It's fine to leave Malawi for a week or even two without feeding...even preferred. But they are mouthbrooders and "built" to be able to go a month without food.

Interesting to hear that tropheus are different. Learned something!


----------



## noddy (Nov 20, 2006)

DJRansome said:


> It's fine to leave Malawi for a week or even two without feeding...even preferred. But they are mouthbrooders and "built" to be able to go a month without food.
> 
> Interesting to hear that tropheus are different. Learned something!

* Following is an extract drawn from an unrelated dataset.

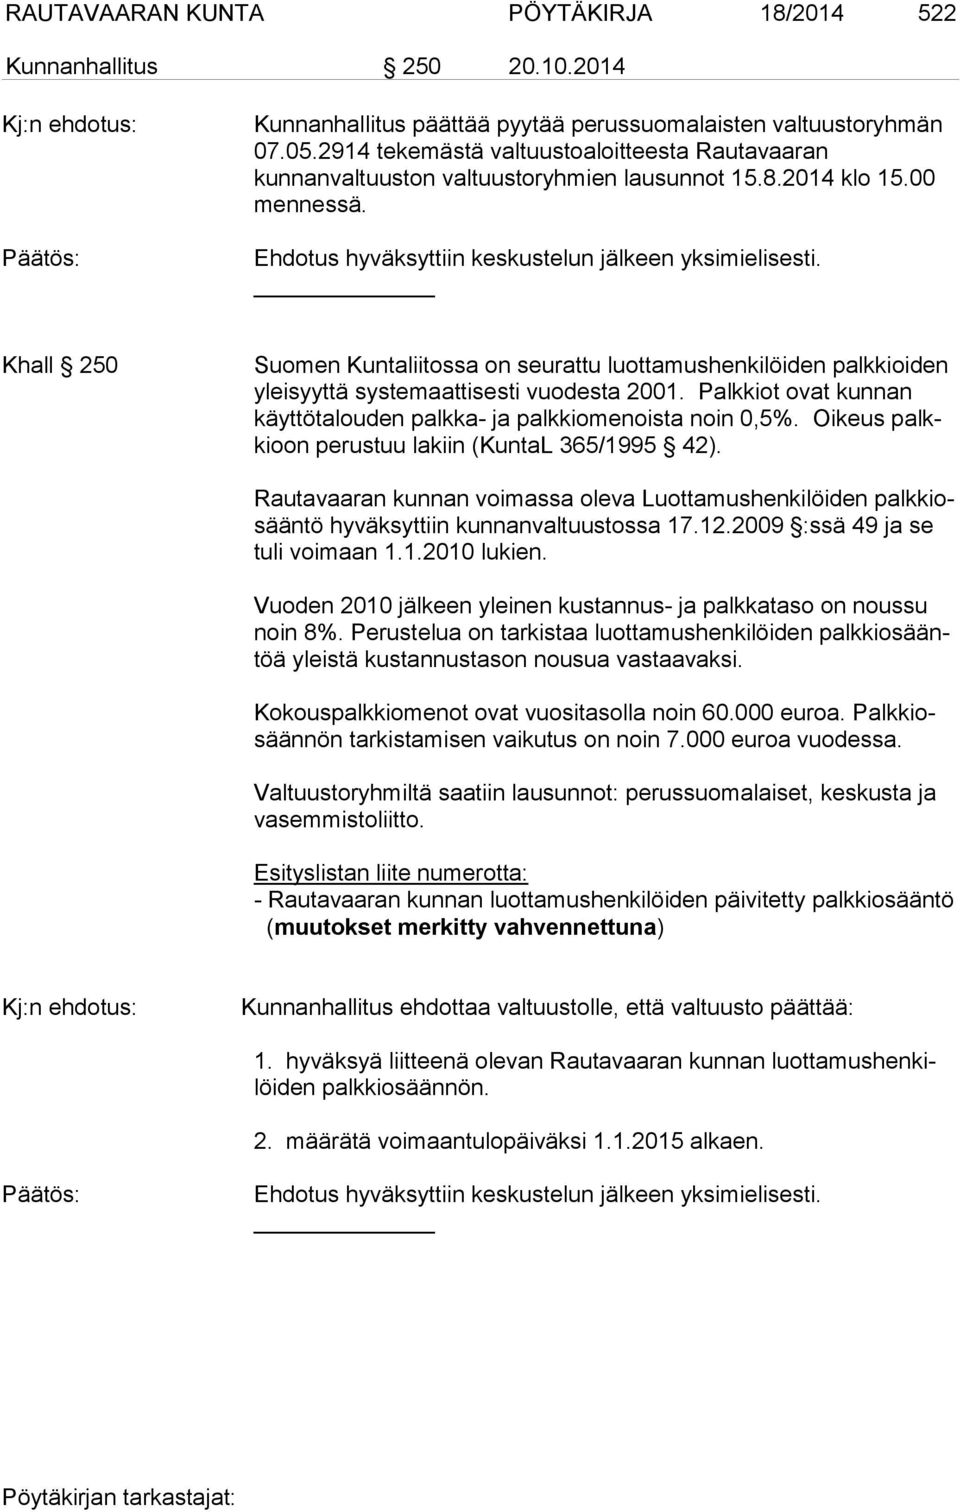 Khall 250 Suomen Kuntaliitossa on seurattu luottamushenkilöiden palkkioiden yleisyyttä systemaattisesti vuodesta 2001. Palkkiot ovat kunnan käyttötalouden palkka- ja palkkiomenoista noin 0,5%.
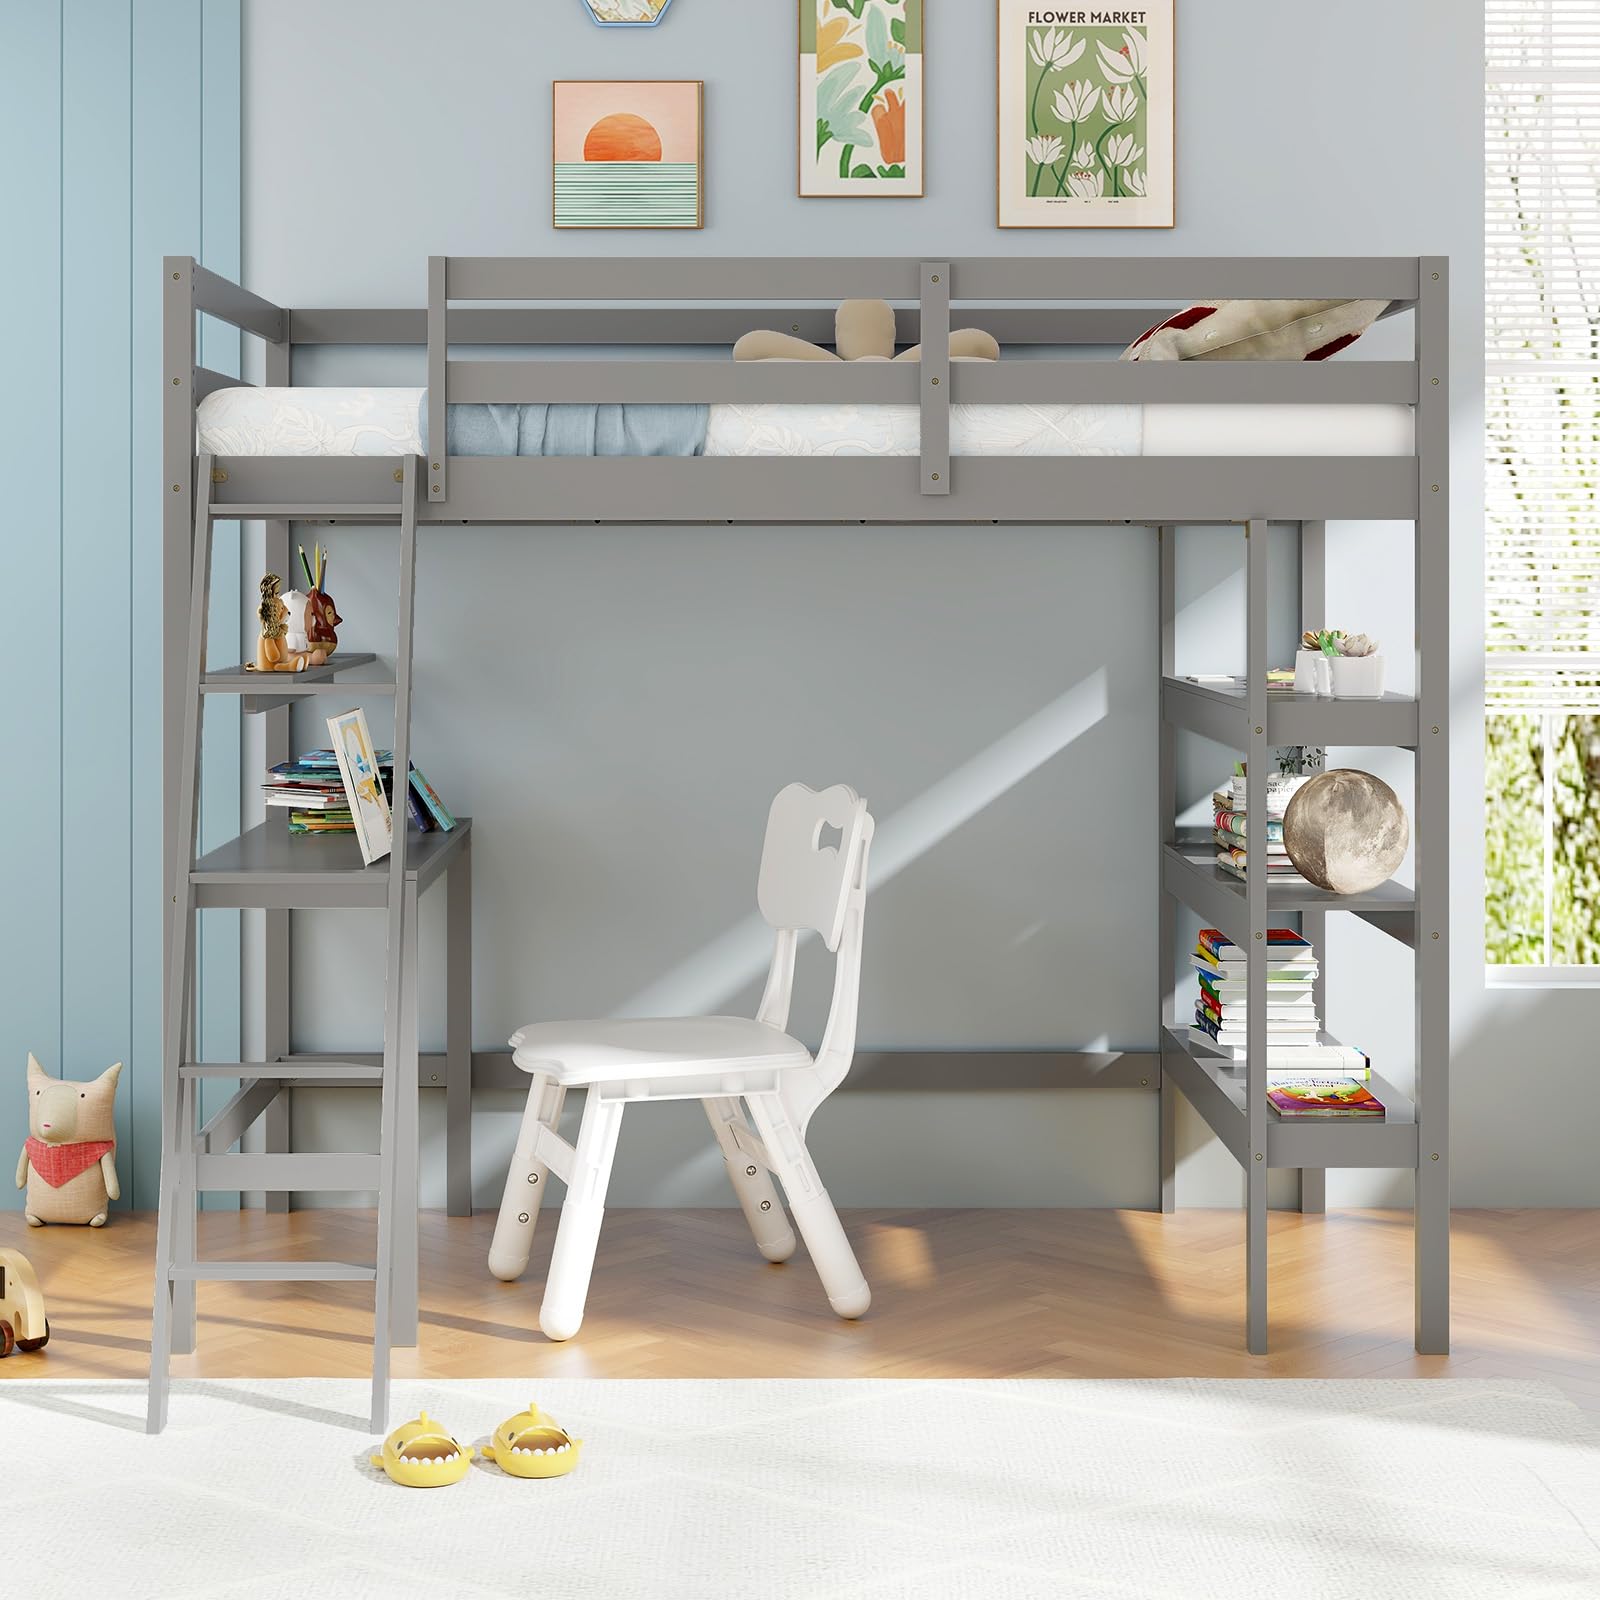 Giantex Loft Bed with Desk & Bookshelves

I go to Europe every other year for two weeks and always left my Tropheus without food,
Getting the nitrates down before you go is the most important thing IMO.


----------



## Kipling (Mar 18, 2017)

Nodima thanks for the catfish info. I'm investigating automatic feeders and will try to organise a friend to drop in from time to time. When you say you wouldn't leave any fish without food for a week are you referring only to tropheus or to fish generally?

DJR I believe tropheus are mouthbrooders, but I think I read somewhere that the females still manage to eat some food whilst holding? So maybe they need those snacks? Perhaps Nodima could clarify.

Noddy I wrote the above before reading your post. Many thanks. Before I leave I will do as many water changes as are necessary to get the nitrates right down.


----------



## dalto (Aug 20, 2006)

Kipling said:


> Nodima thanks for the catfish info. I'm investigating automatic feeders and will try to organise a friend to drop in from time to time. When you say you wouldn't leave any fish without food for a week are you referring only to tropheus or to fish generally?


I would let the fish go for a week unfed before I would use an automatic feeder. Those things fail way too often and dump food in the tank killing the fish.

Every fish is different but most well-fed adult fish can easily go for a week without eating once in a while.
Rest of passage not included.